## Work request
Wherever an image appears in the data, omit it and copy all the remaining text word for word.

## Provided material
☆ ☆ ☆ ☆ ☆

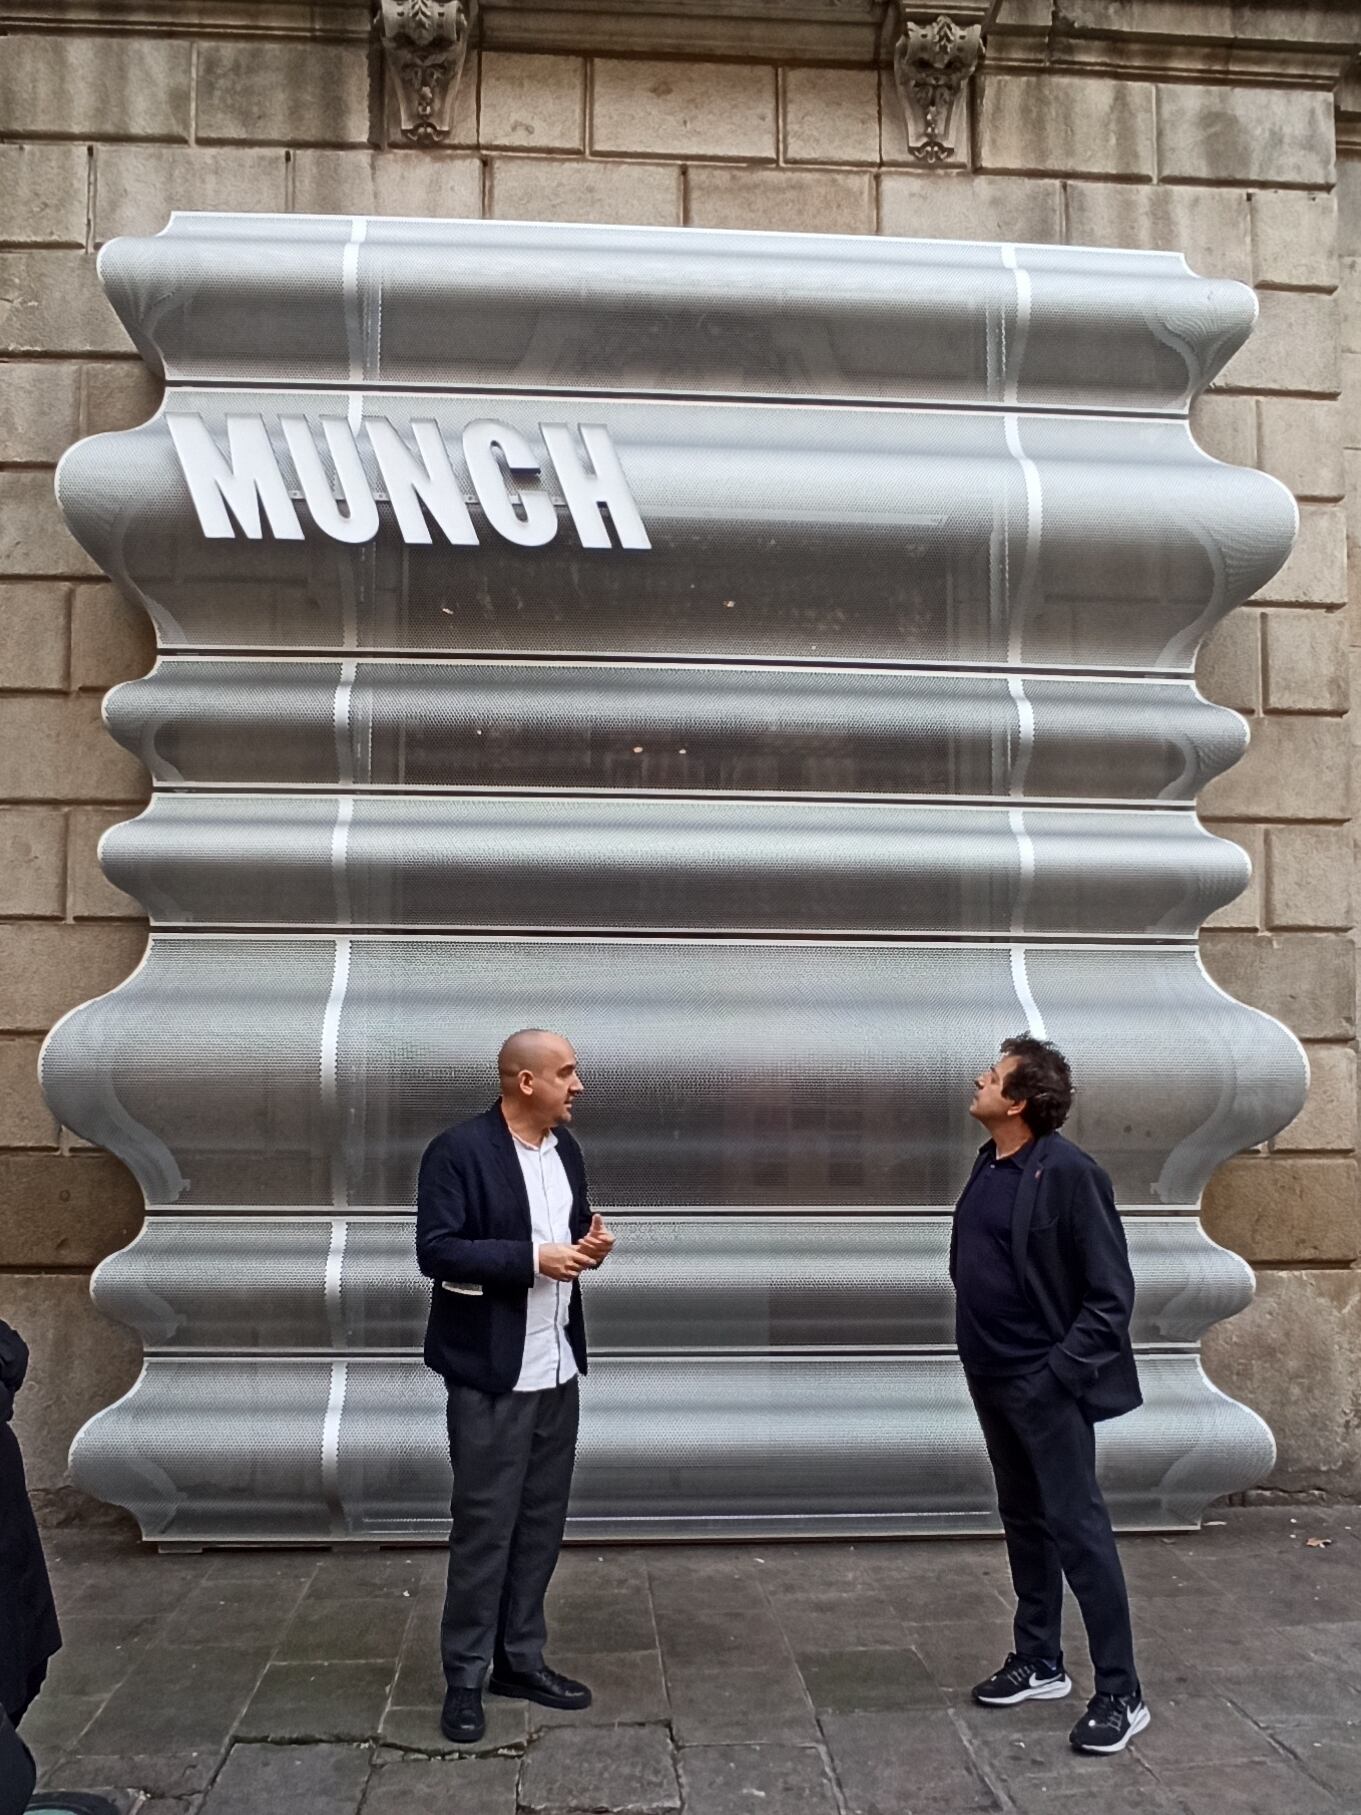 El arquitecto Juan Herreros (derecha) y su socio Jens Richter en la puerta de La Virreina, junto al fragmento de fachada del museo Munch de Oslo.
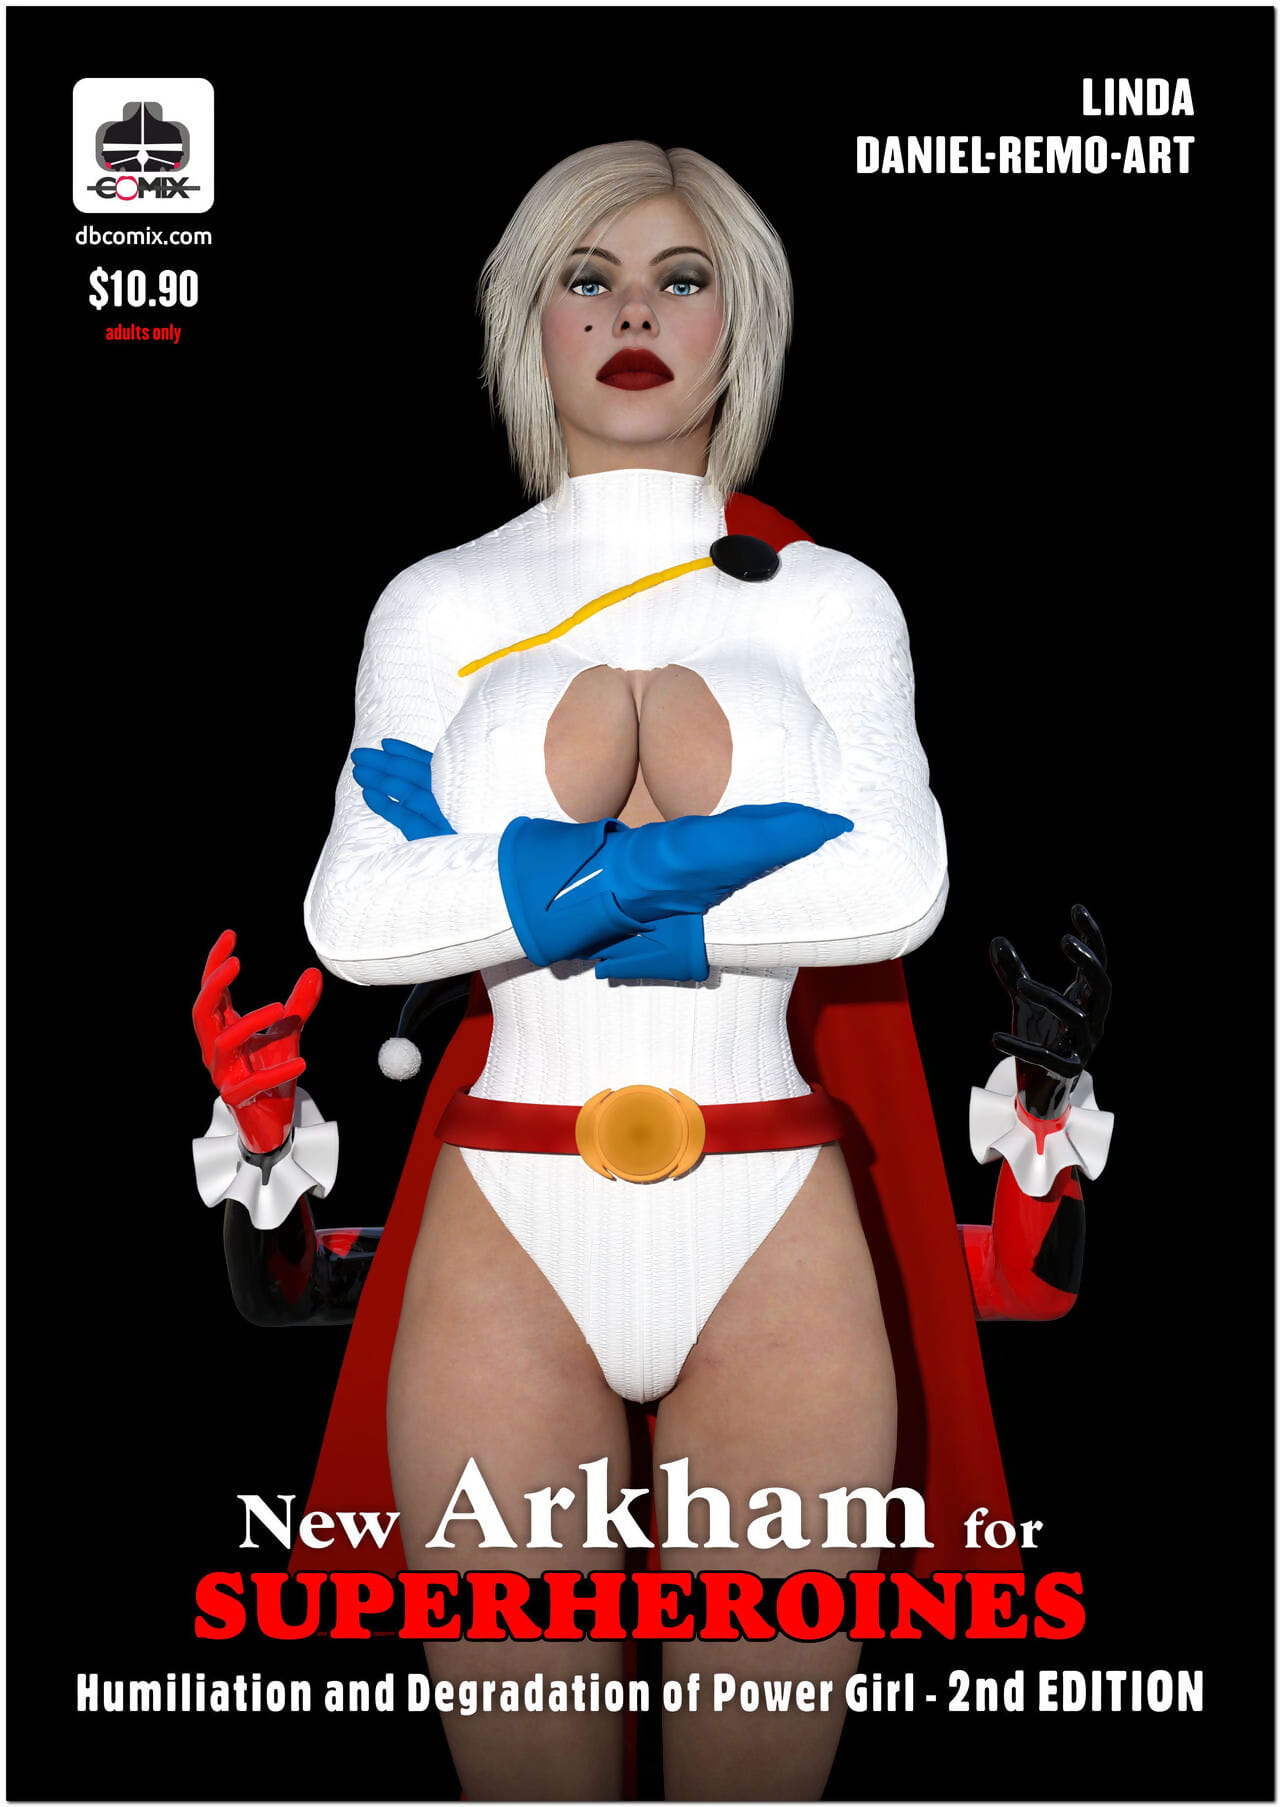 mới arkham cho superheroines 1 2nd Bản nhục và degradation những Sức mạnh :cô gái: page 1
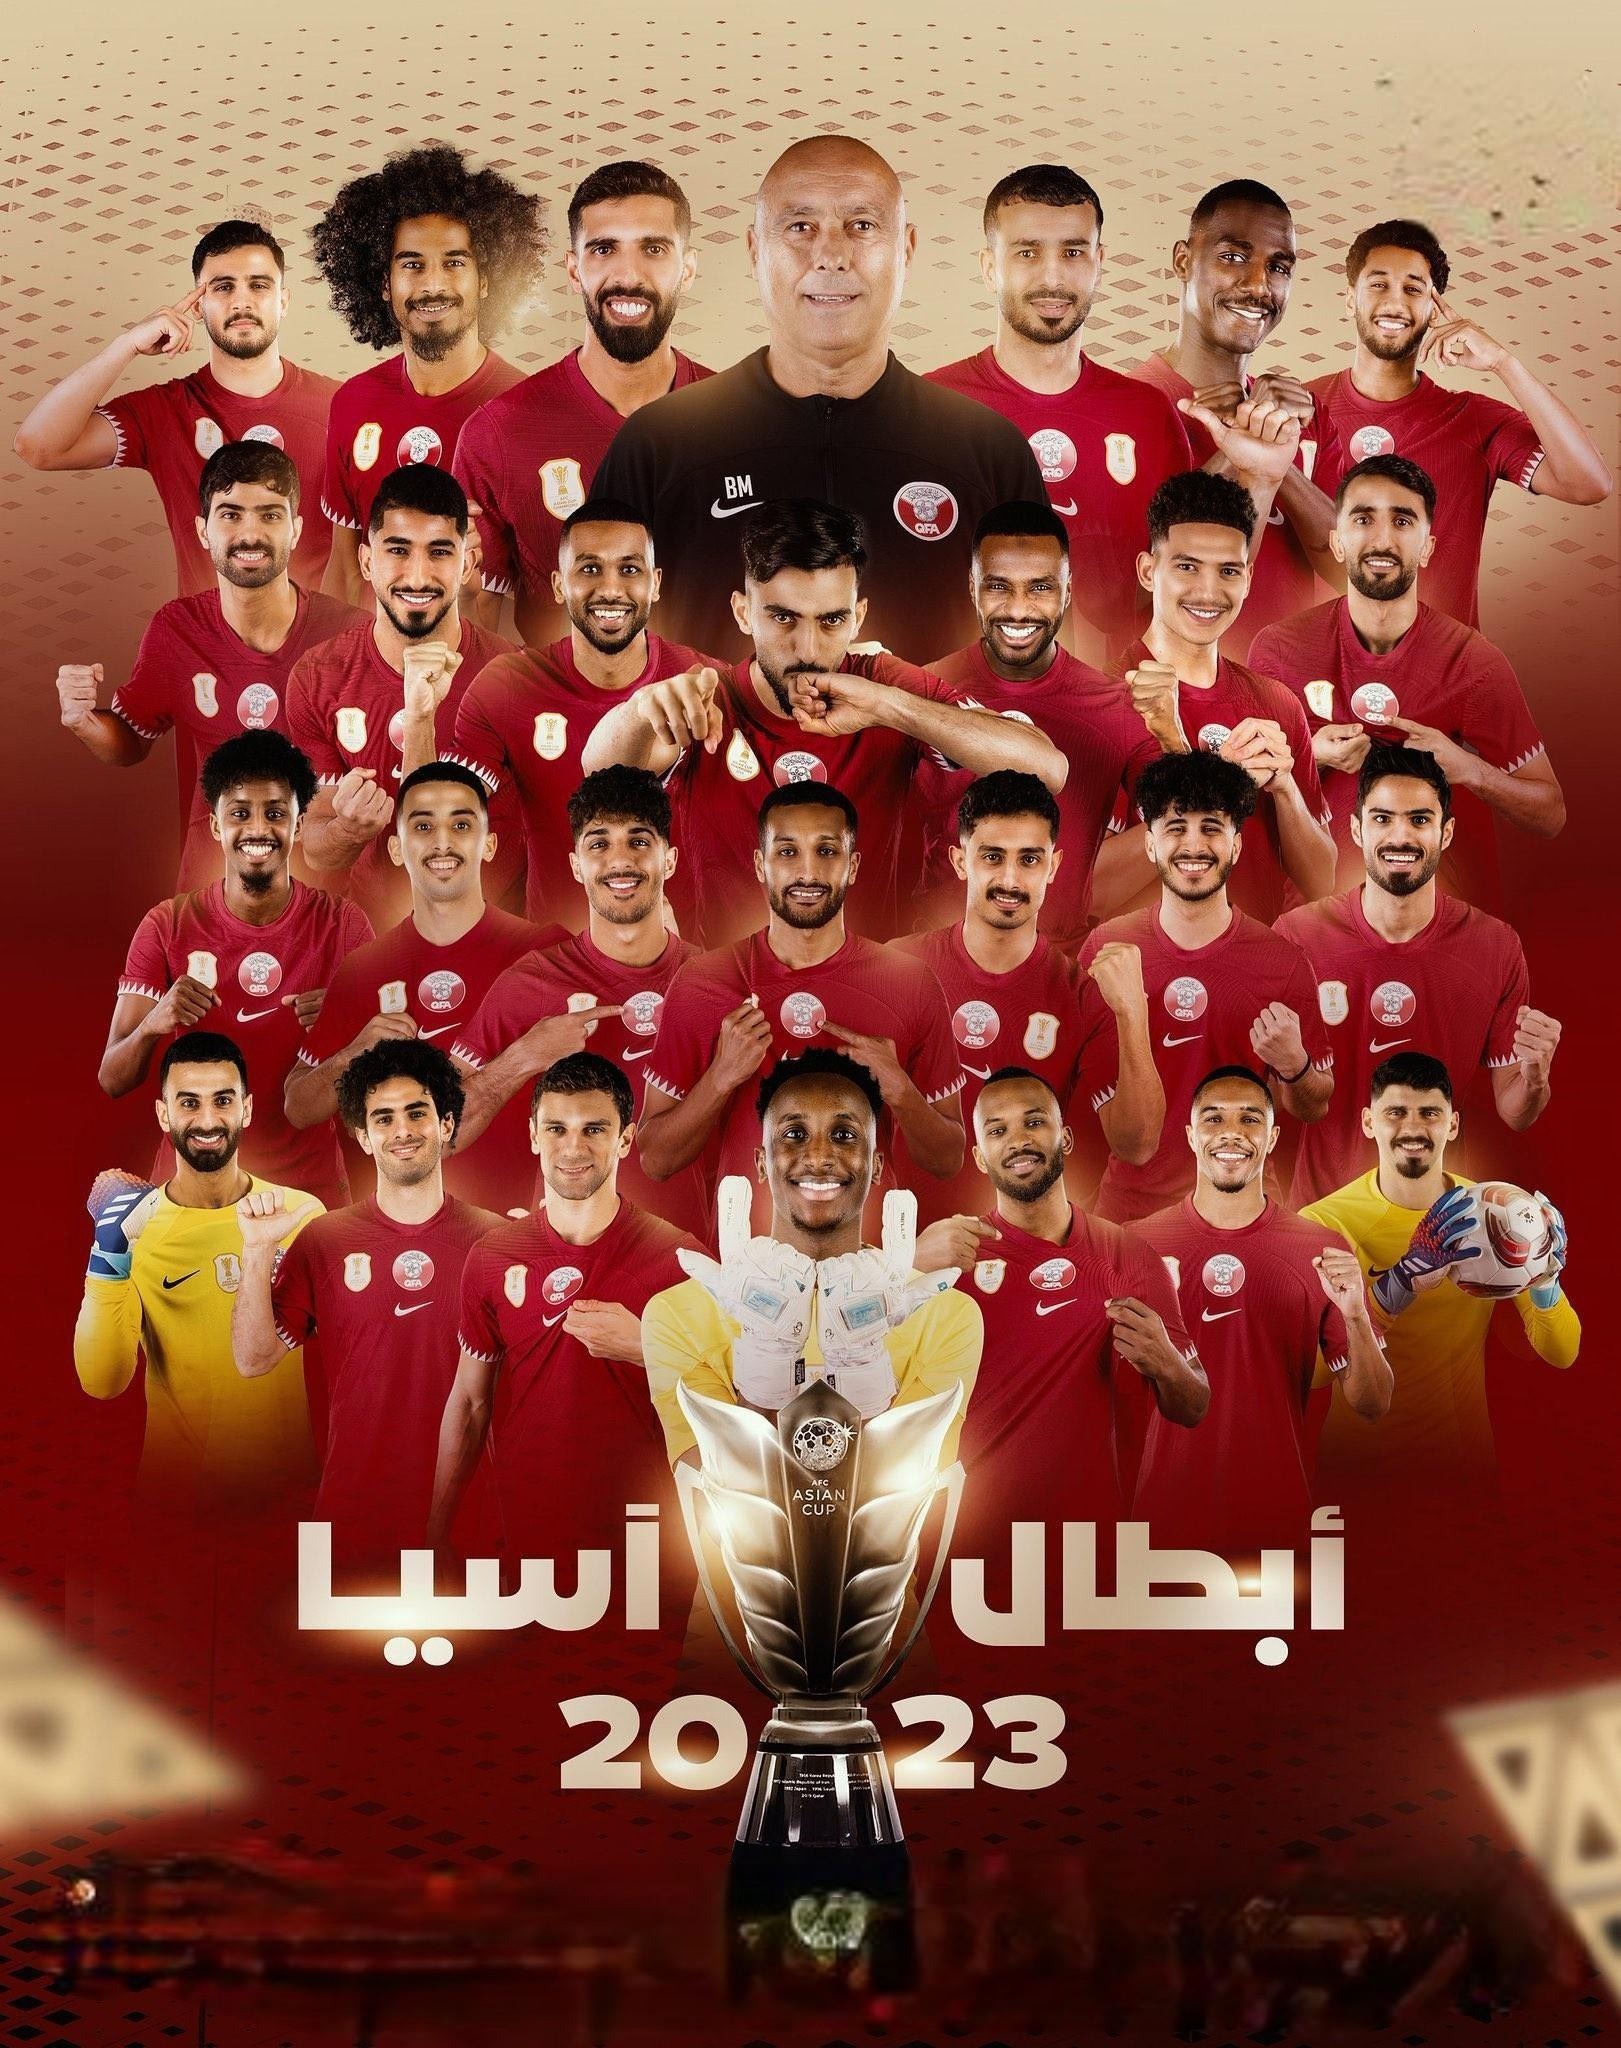 المنتخب القطري بطلاً لكأس آسيا 2023 للمرة الثانية على التوالي بالفوز على الأردن بنتيجة 3-1

☆ ☆ ☆ ☆ ☆

## Solution to this problem
 El arquitecto Juan Herreros (derecha) y su socio Jens Richter en la puerta de La Virreina, junto al fragmento de fachada del museo Munch de Oslo.
 mới arkham cho superheroines 1 2nd Bản nhục và degradation những Sức mạnh :cô gái: page 1
 المنتخب القطري بطلاً لكأس آسيا 2023 للمرة الثانية على التوالي بالفوز على الأردن بنتيجة 3-1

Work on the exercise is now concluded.